Un uomo ed una donna giovani ed attraenti, uno stuolo di amici e fratelli che arricchiscono il panorama con tic e fobie, un messaggio naturalista di fondo non completamente espresso e l’insolita ambientazione del Bioparco di Roma come palcoscenico dell’eterna diatriba amorosa tra l’emisfero maschile e quello femminile. Questi, riassumendo, sono gli elementi che caratterizzano Una talpa al bioparco, l’ultimo lungometraggio firmato da Fulvio Ottaviano, tornato al cinema dopo sei anni di assenza, dopo Abbiamo solo fatto l’amore, con una storia costruita nel rispetto dei più classici canoni della commedia all’italiana.

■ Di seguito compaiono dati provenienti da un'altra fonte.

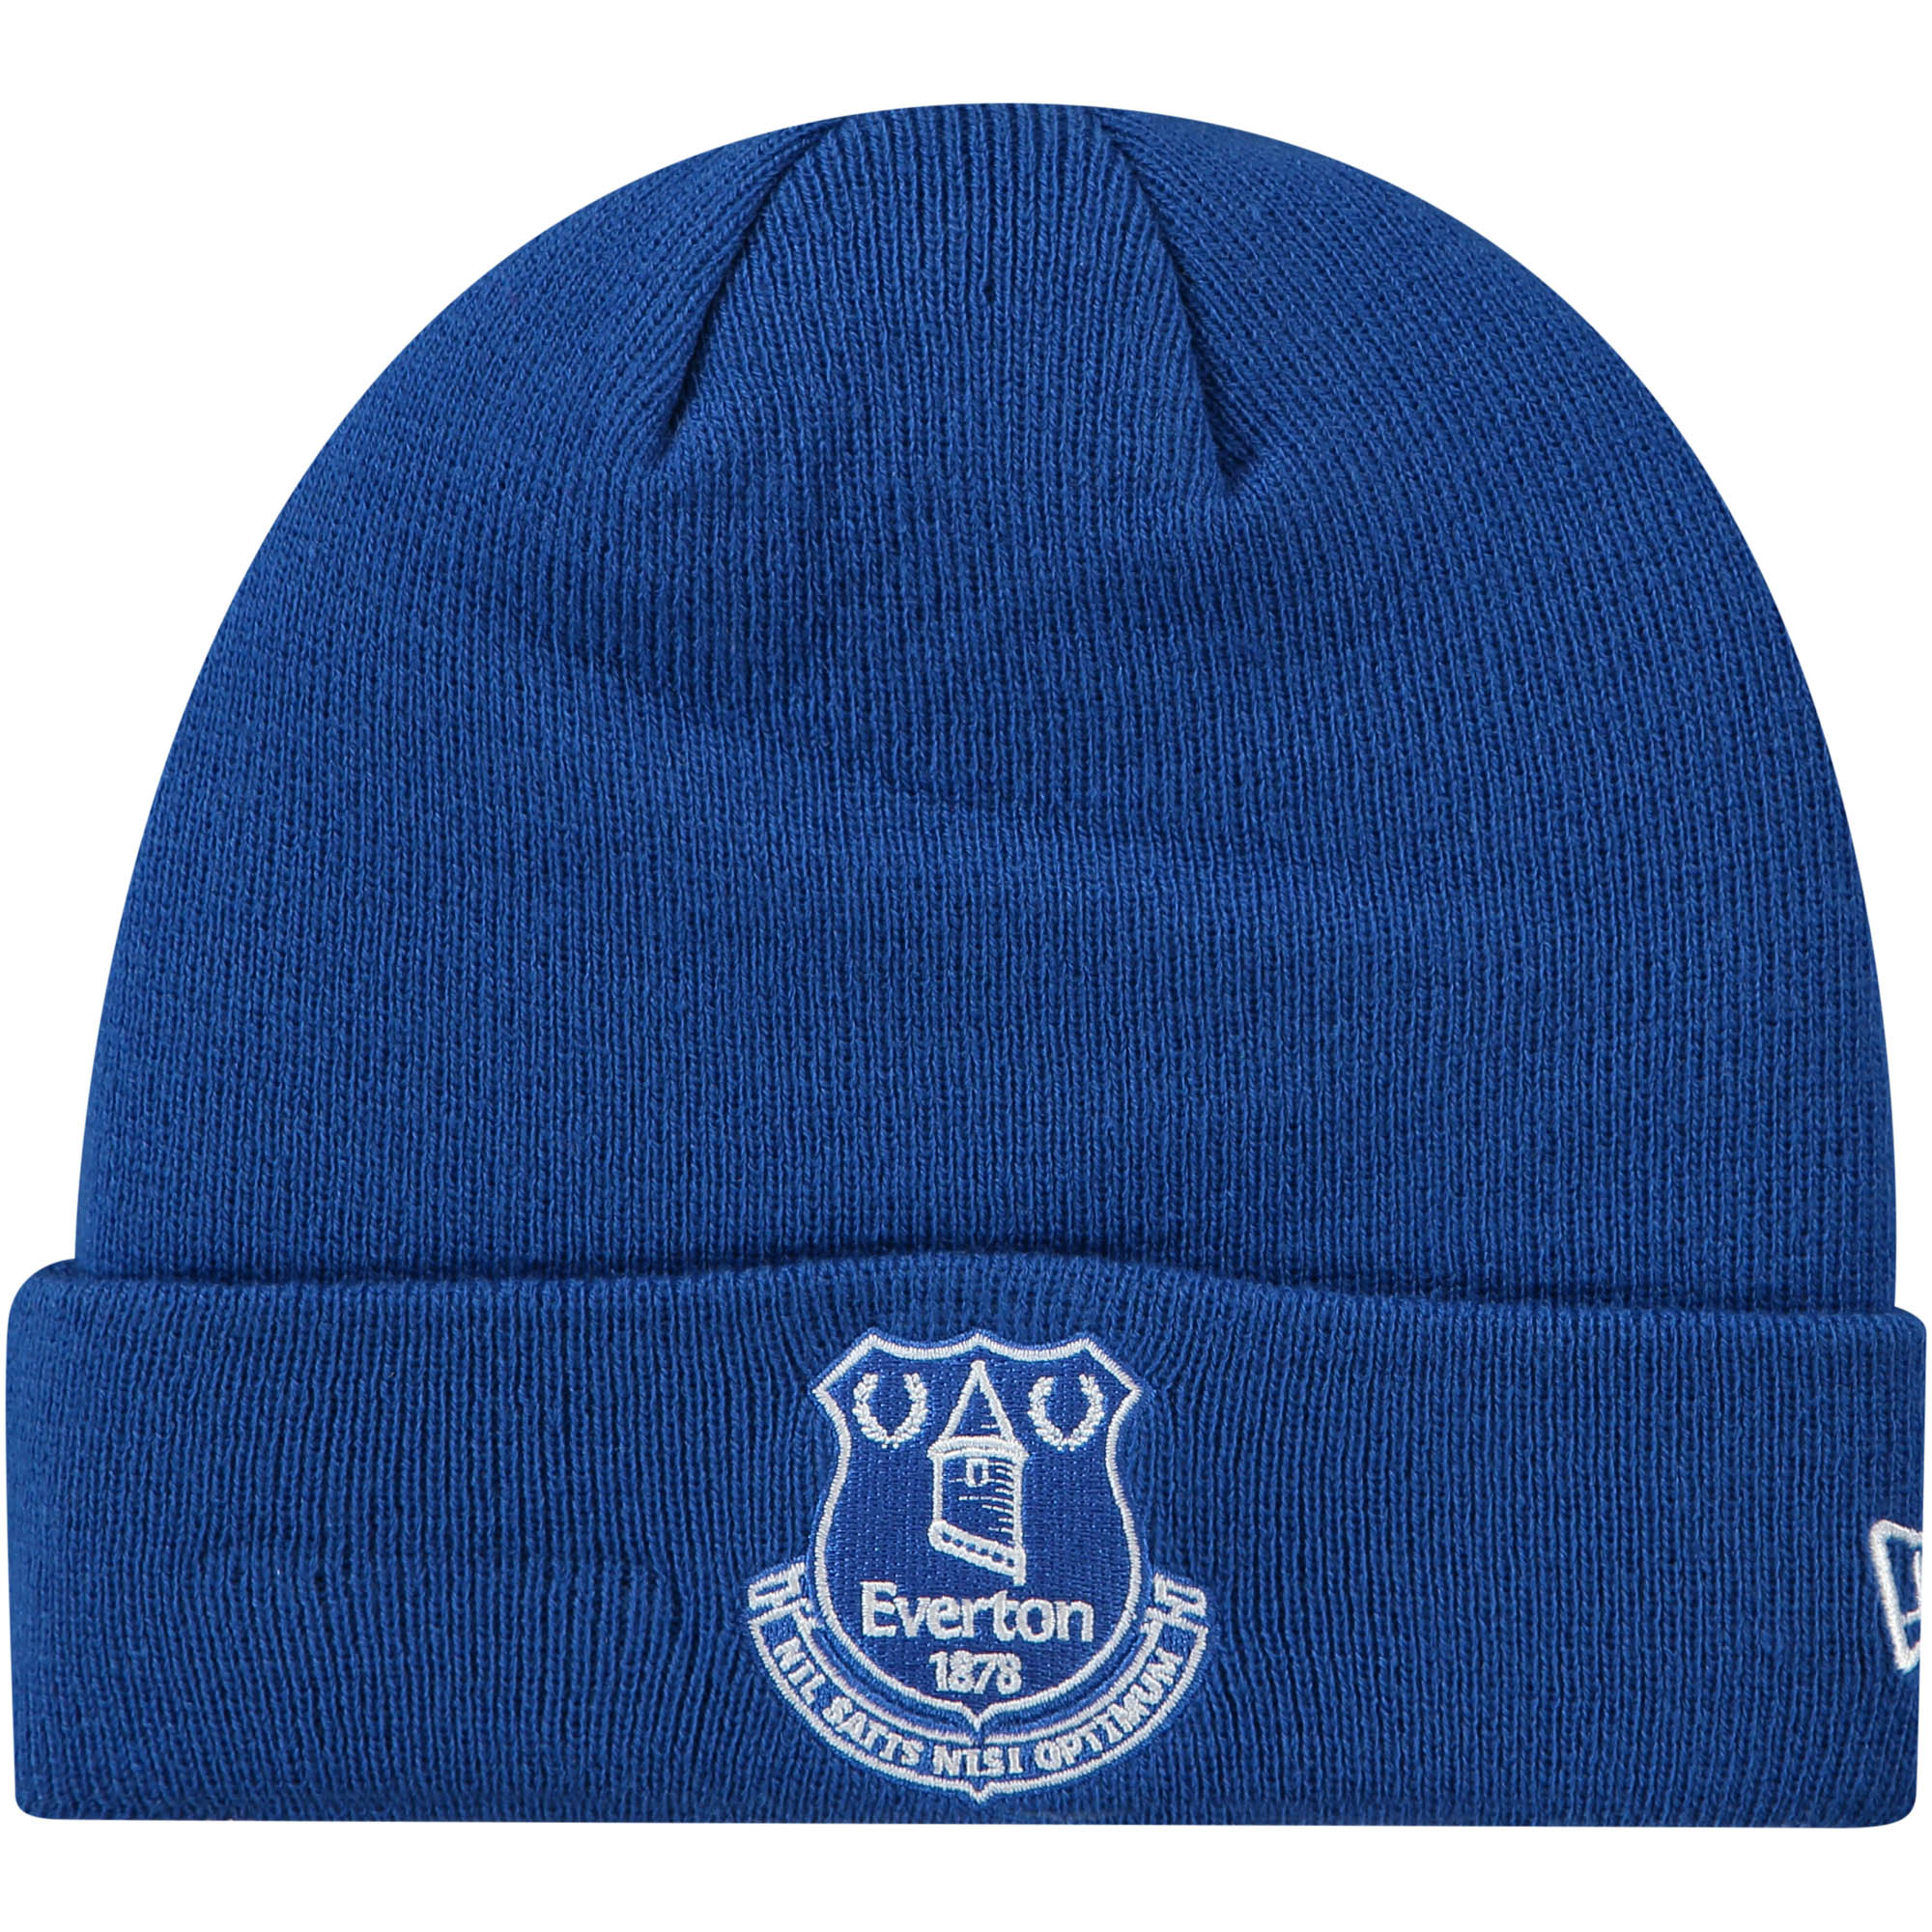 Everton New Era Core Cuff Beanie - Royal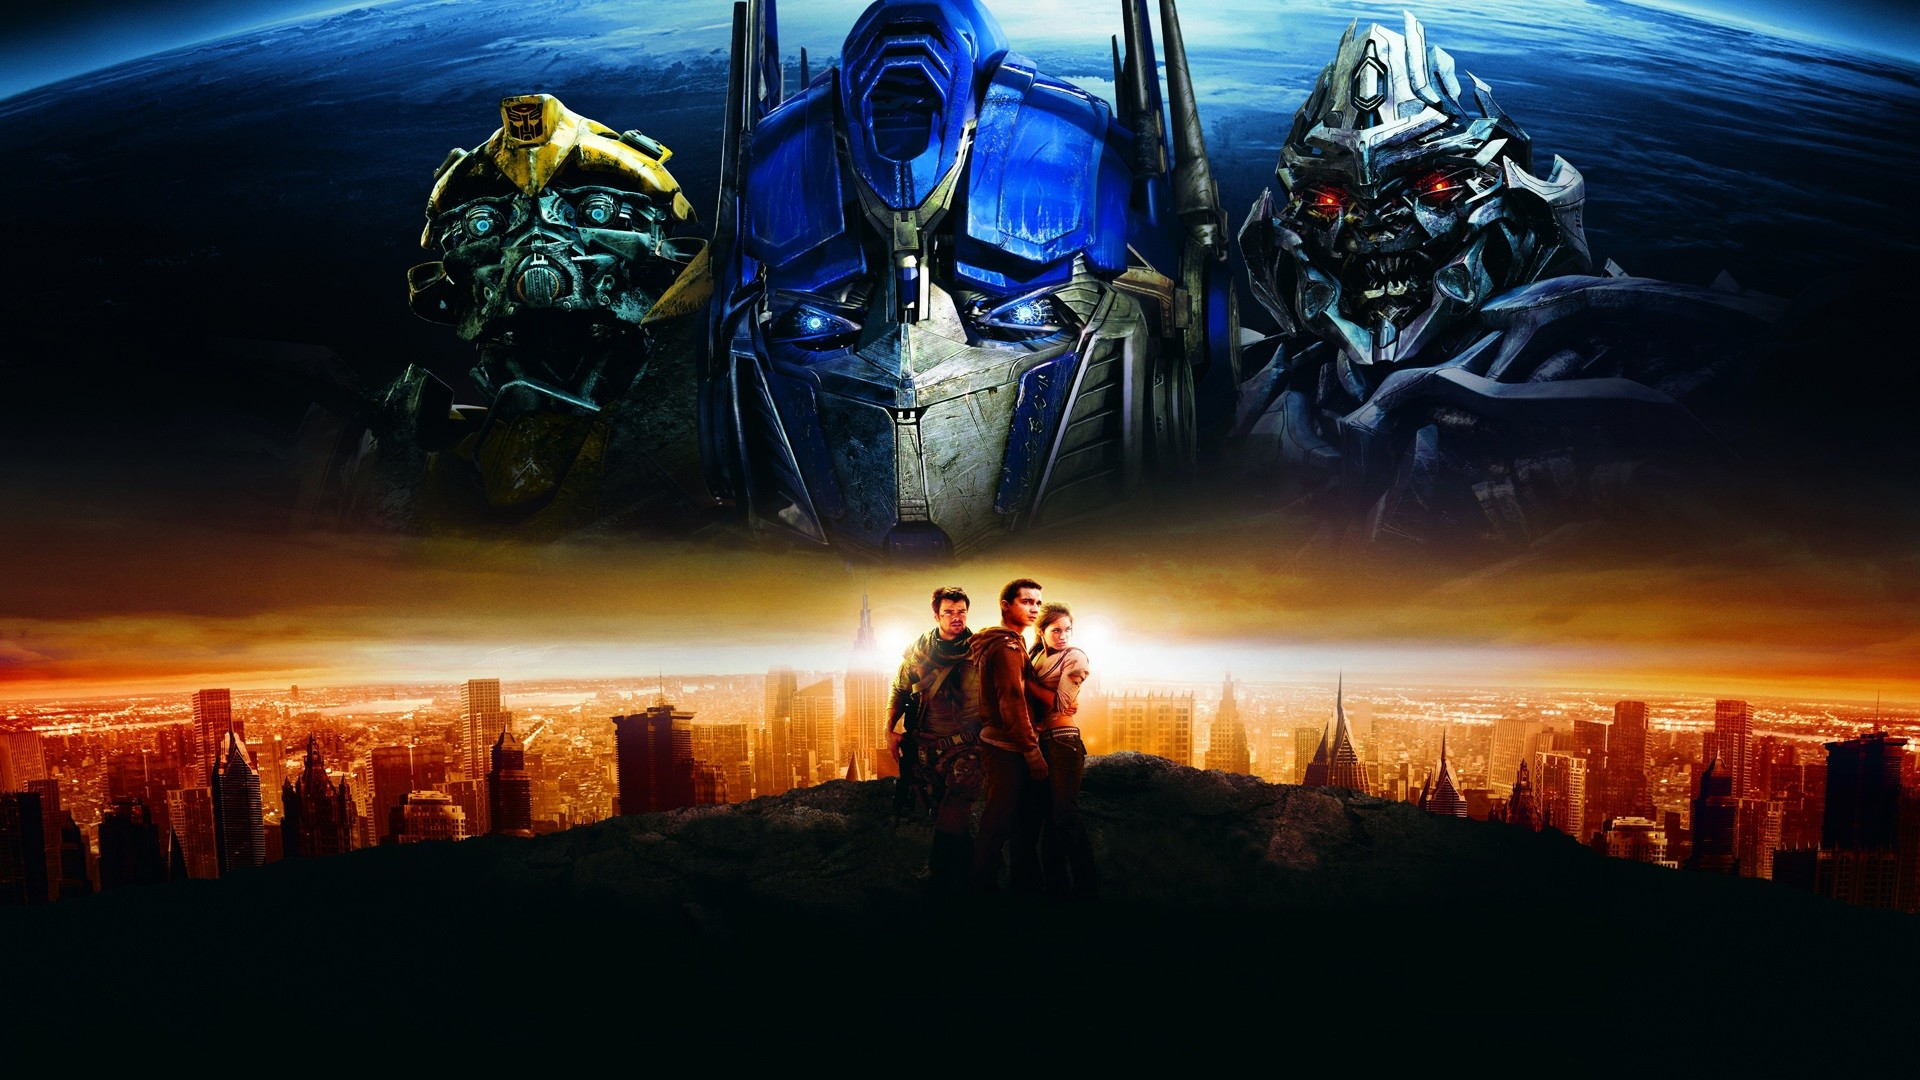 transformers 5 wallpaper 4k

Una tradizione cinematografica che si esplica sia nella tecnica che nella struttura narrativa per gestire una vicenda piccola, indubbiamente serena e rilassante con alcuni momenti di elaborata ed efficace comicità ma che si discosta notevolmente dallo stile innovativo e surreale di Cresceranno i carciofi a Mimongo, film per il quale Ottaviano ha vinto il David di Donatello come miglior regista esordiente. Riprendendo alcuni modelli caratteriali (ancora una volta abbiamo un giovane in cerca di lavoro affiancato da un personaggio ecclettico e problematico allo stesso tempo) che determinarono il successo del suo esordio, finisce con il costruire un intreccio narrativo molto semplice e lineare ma che tende a lasciare a puro accenno alcune idee.

Escludendo i personaggi di David (Adriano Giannini) , Giorgia (Giorgia Surina) e Libero (Luca Angeletti) l’intero emisfero che gravita intorno a loro non sempre è dotato di particolare concretezza e piena espansione, dando la sensazione di trovarsi di fronte a degli input, a delle situazioni abbandonate in fase embrionale. Un peccato di costruzione che, comunque, viene facilmente perdonato in nome di una buona simbiosi recitativa tra Giannini ed Angeletti, capaci di dar vita ai momenti più esilaranti, trasformando la sequenza cinematografica in immediatezza teatrale e facendo dimenticare la non sempre felice performance di Giorgia Surina. Un giudizio che non riguarda assolutamente le sue capacità attoriali (è la sua prima esperienza cinematografica ed avrà sicuramente altre occasioni per affinare la tecnica) ma l’evoluzione e la natura del suo personaggio. Estrema, dura, indubbiamente libera e moderna la sua Giorgia tocca punte di forza esasperante. “Violenta” David in un bagno pubblico, si arruola nell’esercito ed è sempre pronta a menar le mani come il più bellicoso degli uomini. Tutto costruito ed assemblato per rappresentare questa idea di indipendenza e volontà assoluta, per raccontare un evidente cambiamento di rotta all’interno dell’emisfero femminile attraverso dei facili cliché maschili fin troppo superficiali anche solo per una commedia.